TASK OBJECTIVE>
An exact copy of the listing below is the answer, with the pictures removed.

DATASET EXTRACT>
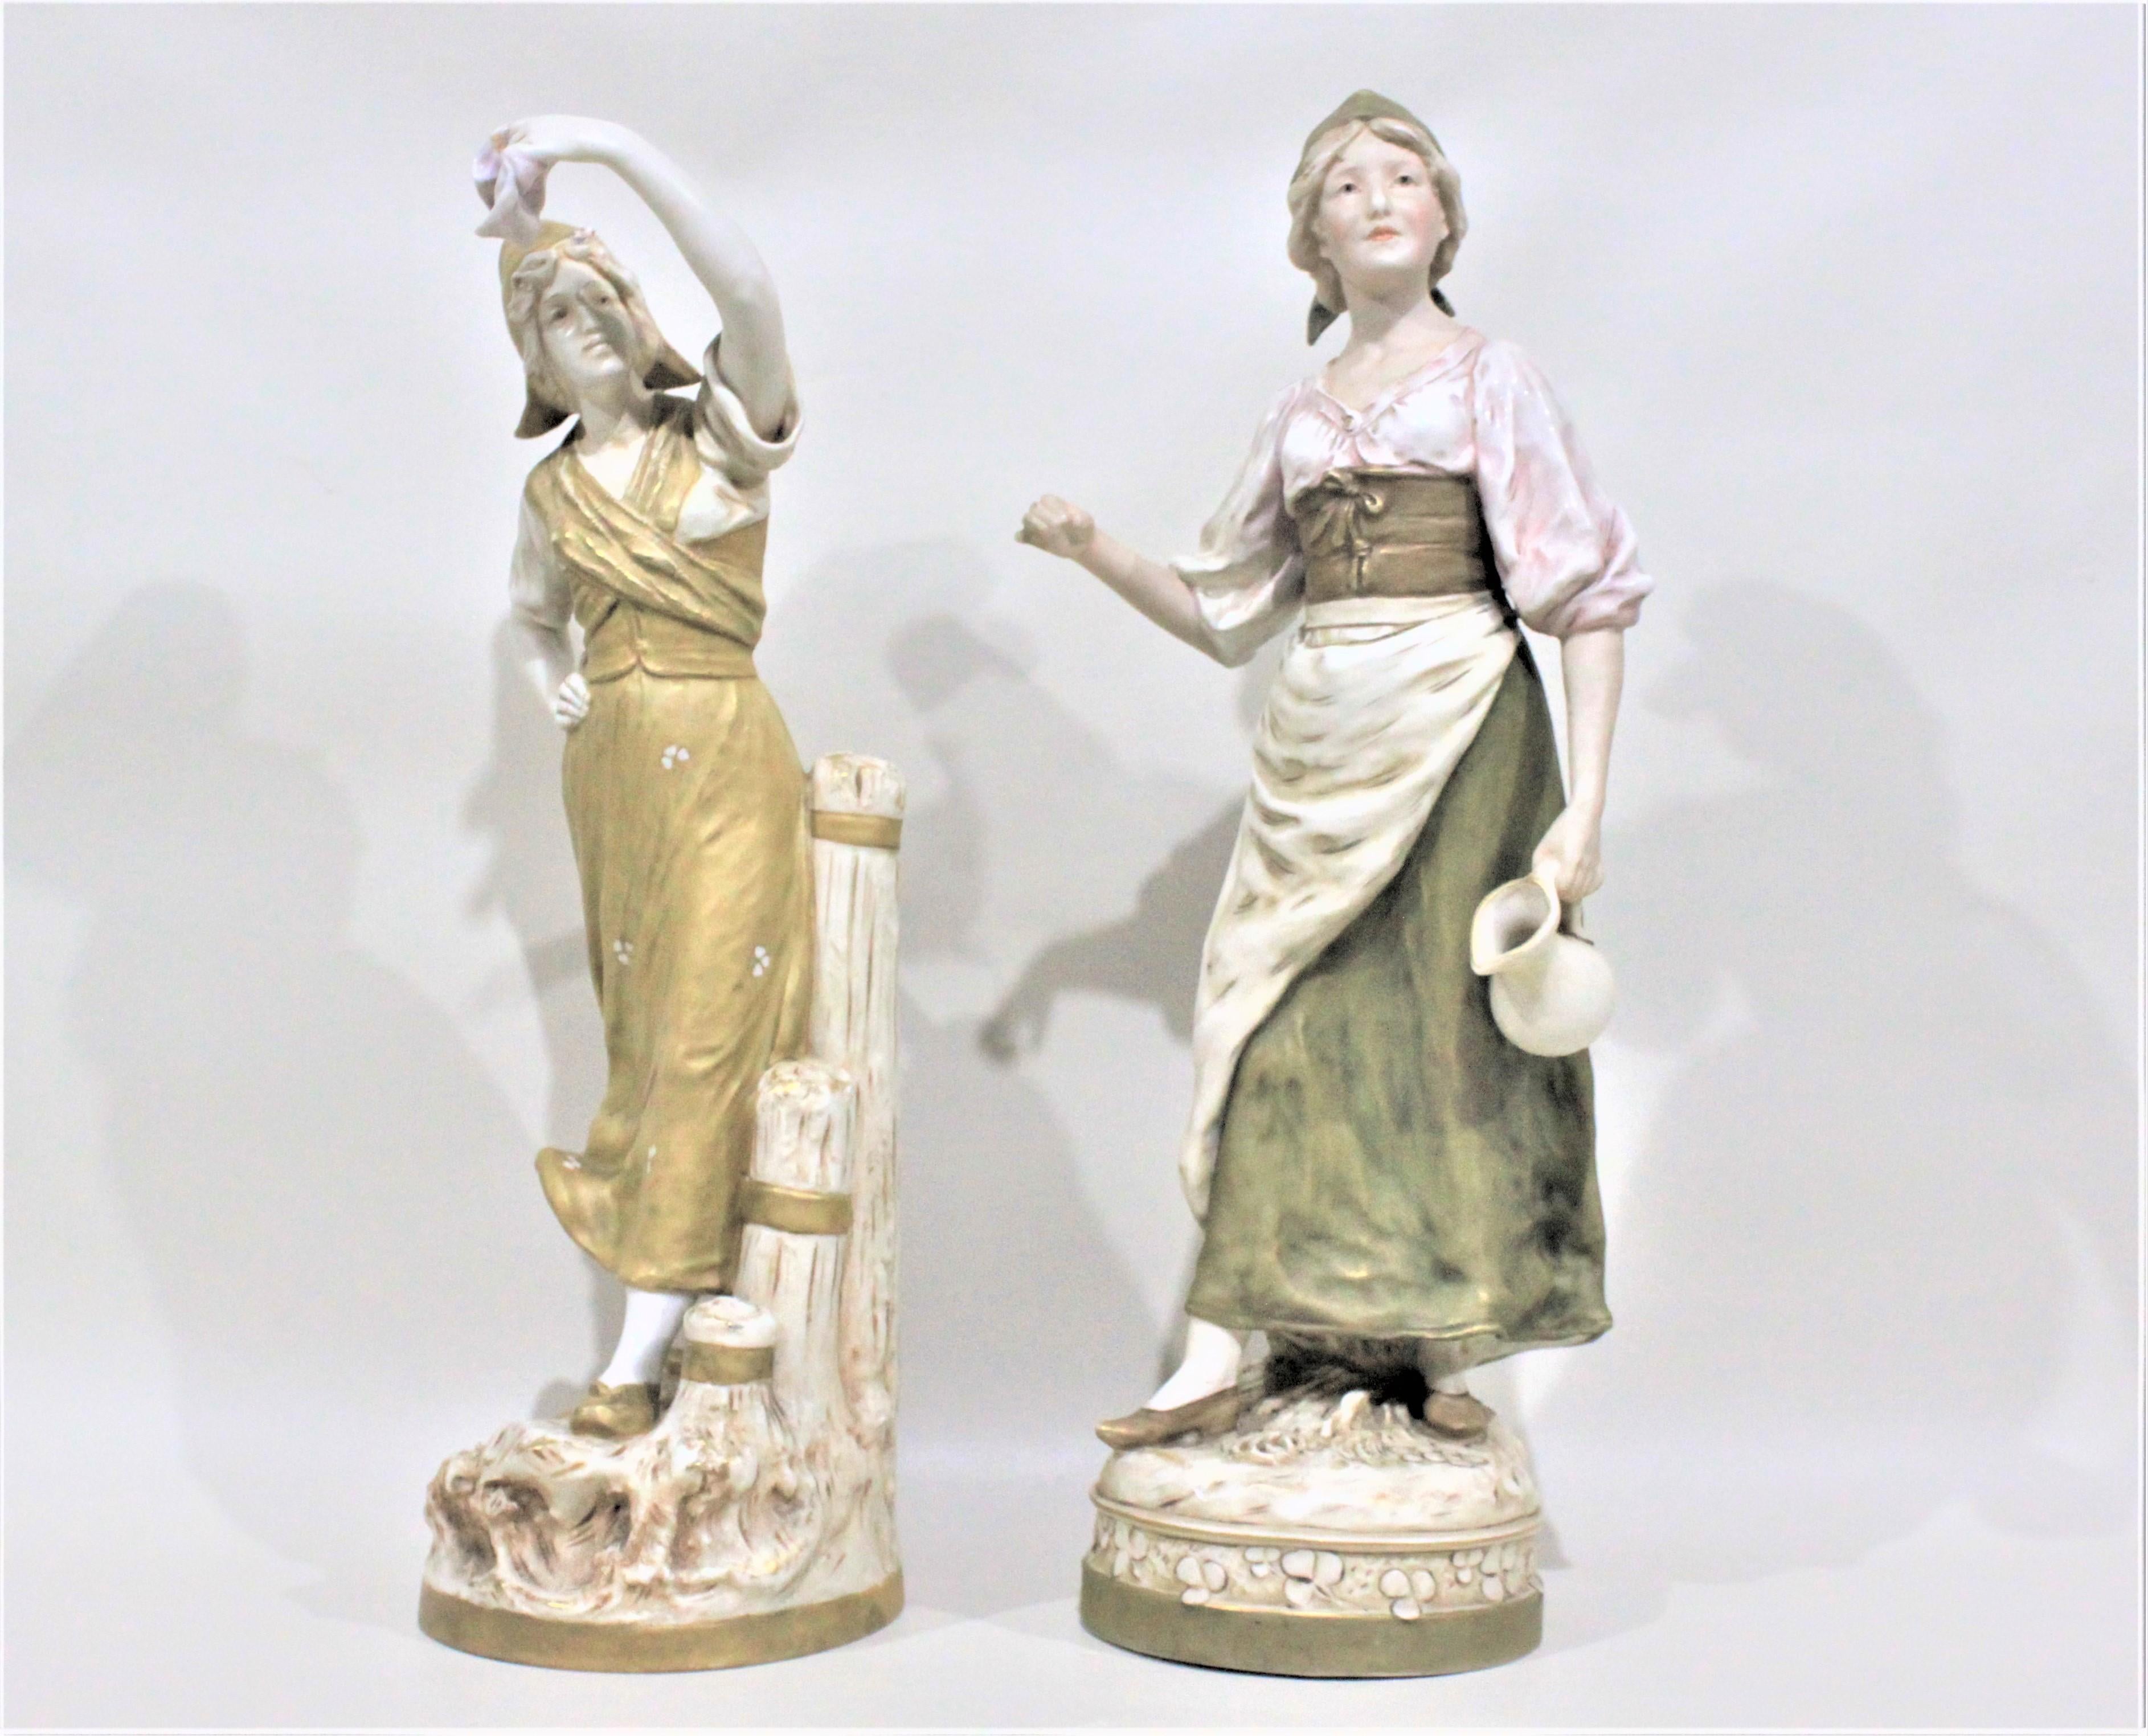 Pair of Antique Art Nouveau Royal Dux Porcelain Figurines In Good Condition For Sale In Hamilton, Ontario
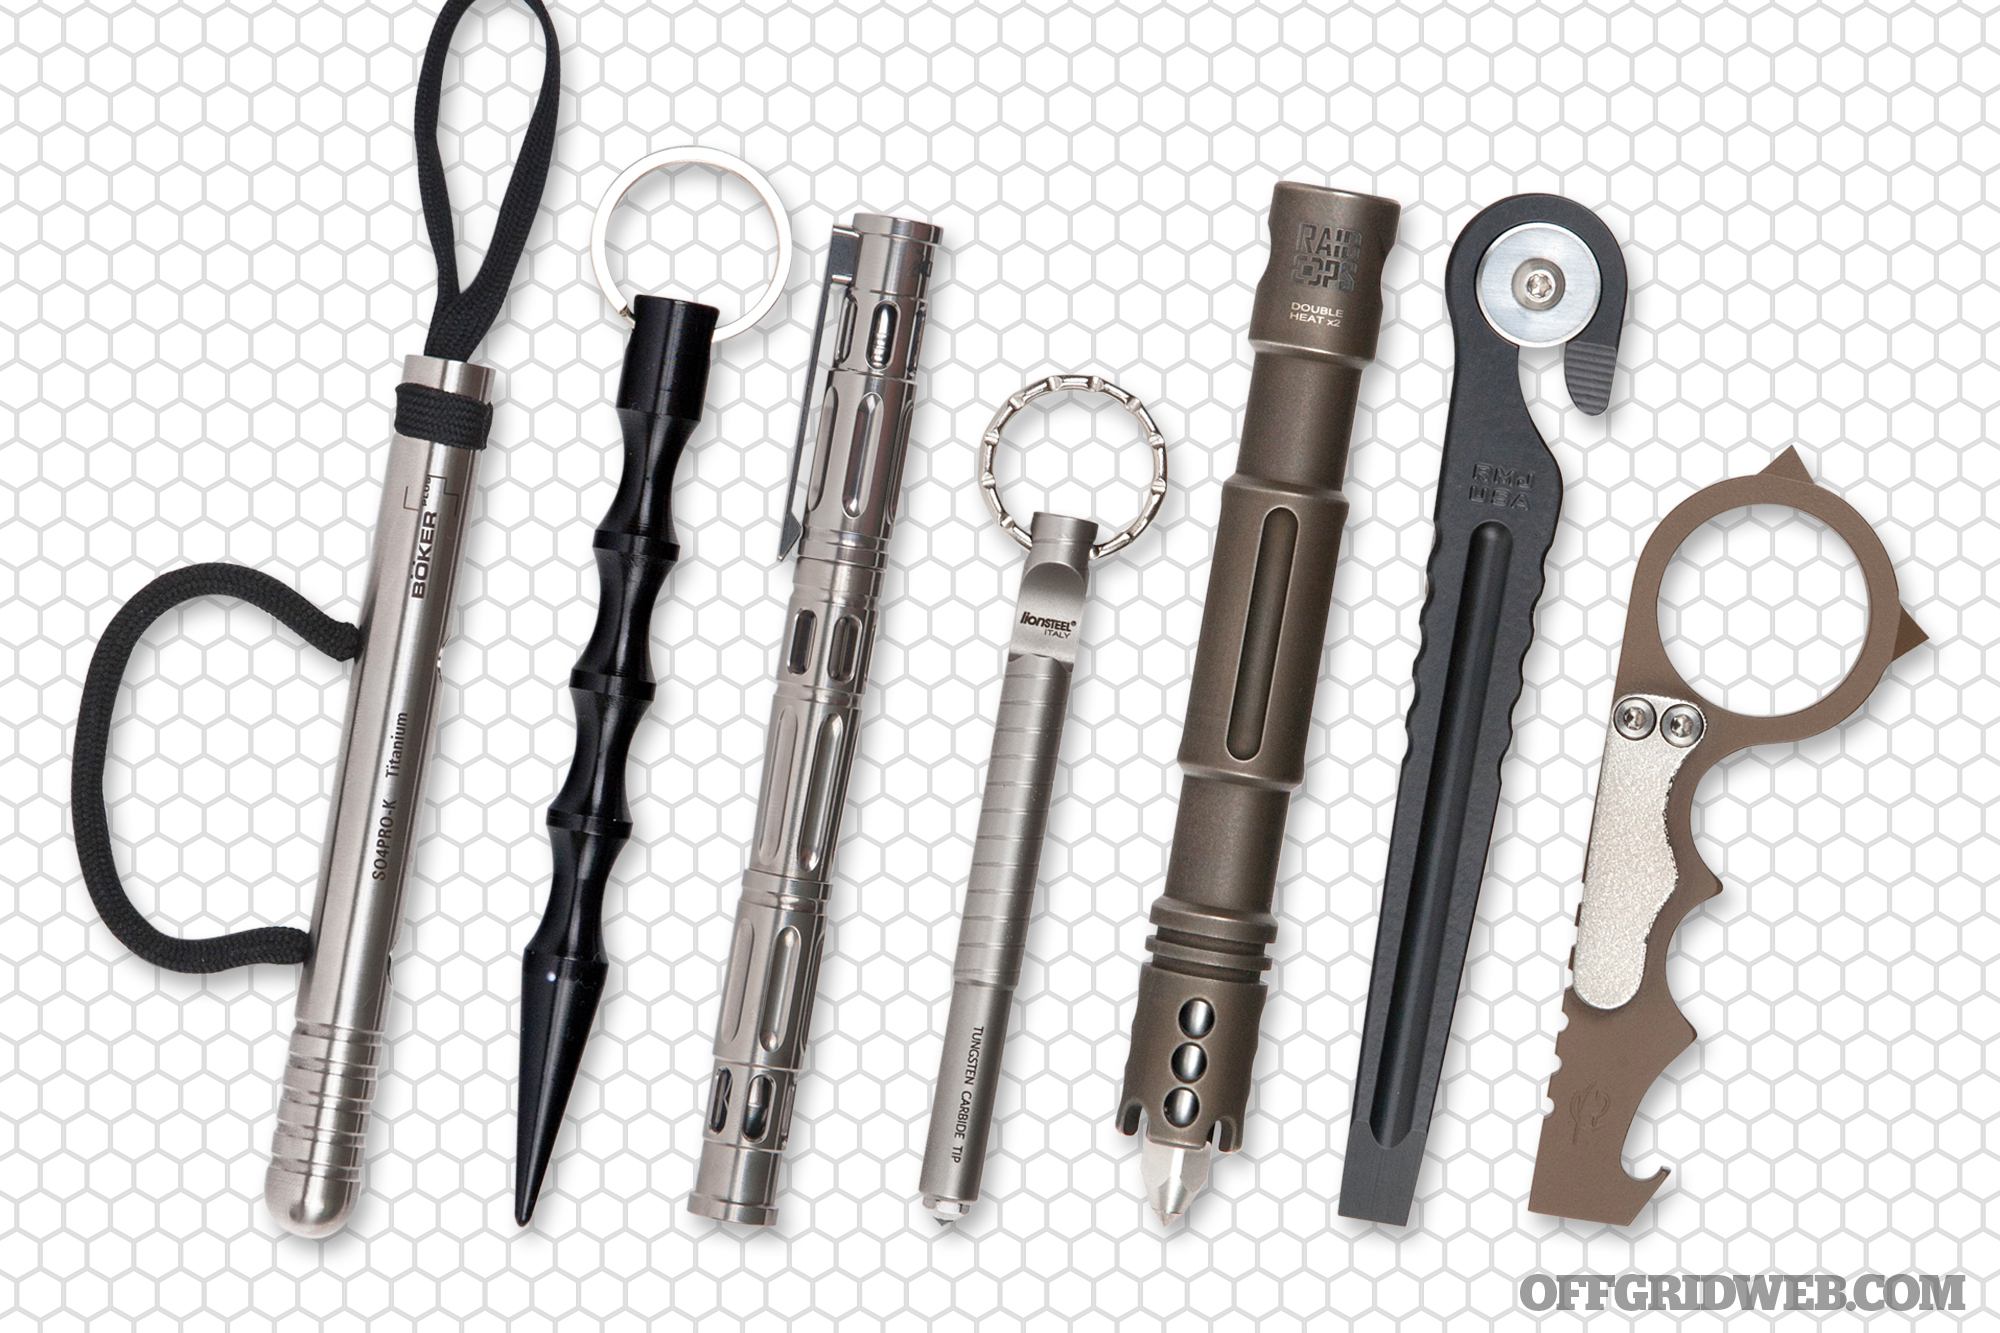 Weapon Self-defense Alloy Pen-shaped Kubaton Keychain Personal safty Tool Kit 
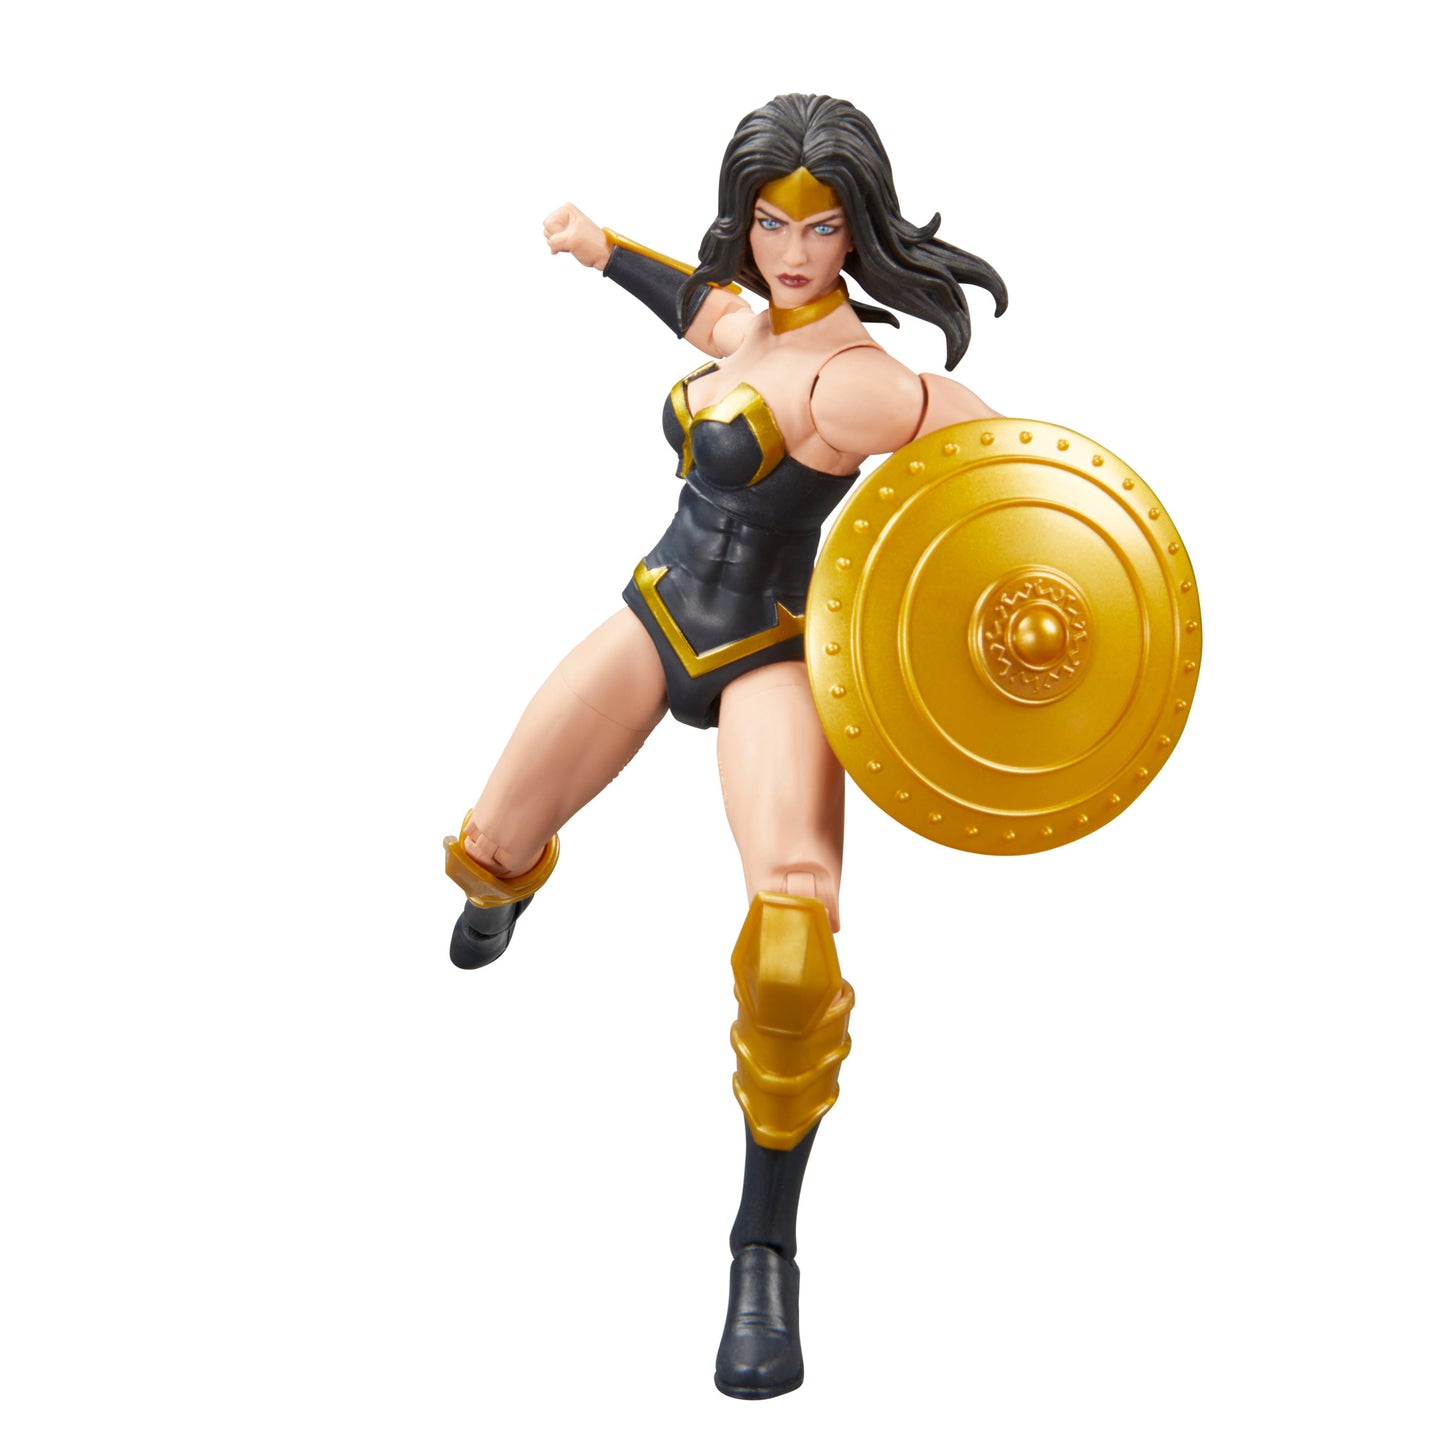  Marvel Legends Series Squadron Supreme Power Princess, 6" Collectible Action Figure HERETOSERVEYOU

EXERCISE SOLUTION>
 Pair of Antique Art Nouveau Royal Dux Porcelain Figurines In Good Condition For Sale In Hamilton, Ontario
 Weapon Self-defense Alloy Pen-shaped Kubaton Keychain Personal safty Tool Kit 
  Marvel Legends Series Squadron Supreme Power Princess, 6" Collectible Action Figure HERETOSERVEYOU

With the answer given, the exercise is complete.